Anna innocently continued to smile, but Lydia and Bertha reacted as though Rachel had slapped them.
“Honest labor
iss
from
Gott
.” Bertha’s Germanic accent deepened as she crossed her arms over her chest. “We are used to our ways.”
Lydia began to peel another apple, but not before Rachel saw the hurt reflected in her eyes and knew that she had gone too far. Her aunts considered the work of running the inn a calling—not an act of drudgery.

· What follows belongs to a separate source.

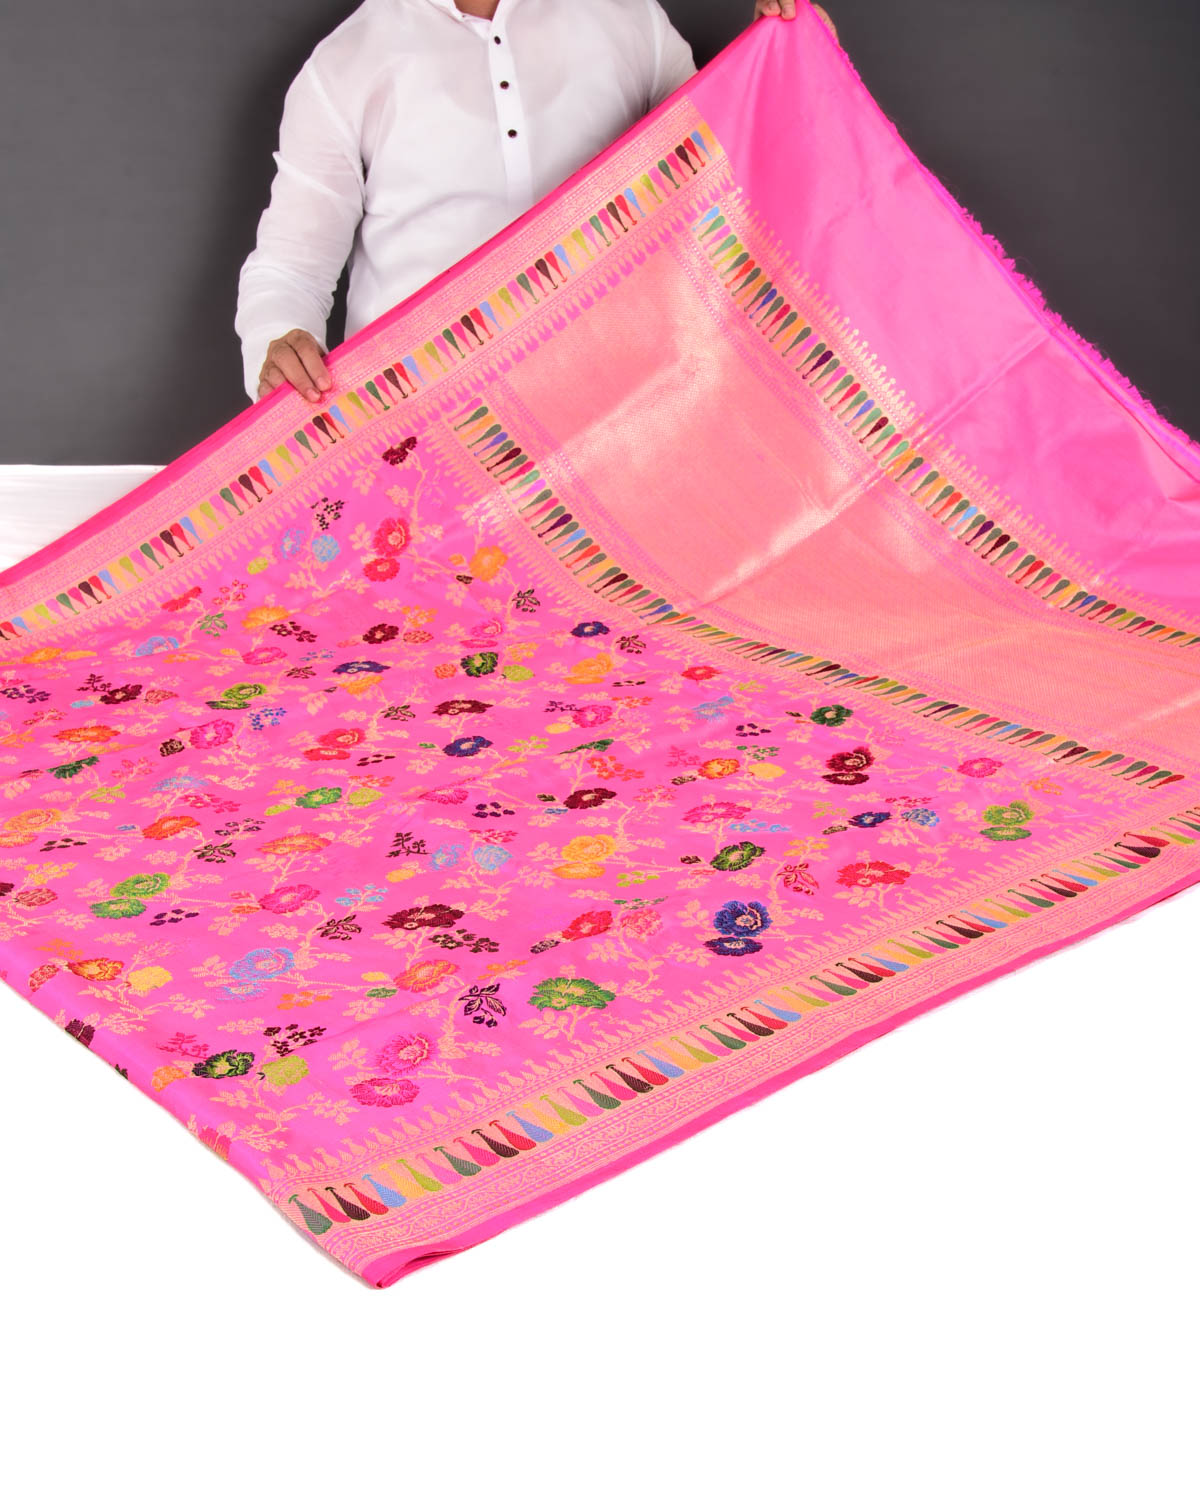 Pink Banarasi "Hues of Nature" Kadhuan Brocade Handwoven Katan Silk Saree - By HolyWeaves, Benares

She adored them, but these three women were going to be the death of her. Even giving them the use of her mother’s money wasn’t going to keep them from working until they dropped.
Unlike some Amish business owners who found ways to compromise in order to thrive in the modern world, her aunts ran a strictly Old Order Amish establishment. No electricity. Flashlights and kerosene lamps at night. Gravity-fed plumbing. Everything they did was labor-intensive.
The problem was, tourists might
think
they wanted to experience the simplicity of Amish life—but not if it involved sleeping without air conditioning, sharing a single downstairs bathroom, waiting for the low water pressure to refill the tank, or eschewing television and wi-fi.
Most of the guests who were willing to put up with a complete lack of modern conveniences did so for two reasons only—her aunts’ low rates and Lydia’s generous cooking.
She had watched the quality of her aunts’ clientele drop in recent years and was afraid that if they didn’t make some changes soon, the Sugar Haus Inn would turn into a flophouse for deadbeats with no money. Her aunts, tenderhearted and easily taken in by a sob story, were barely scraping by as it was.
Anna gently touched Rachel’s face. In one of her surprisingly insightful moments, she gazed at her with understanding and sympathy. “You are ’fraid for us?”
A lump rose in Rachel’s throat. “Very afraid.”
“’Cause you
leeva
us?” Anna said.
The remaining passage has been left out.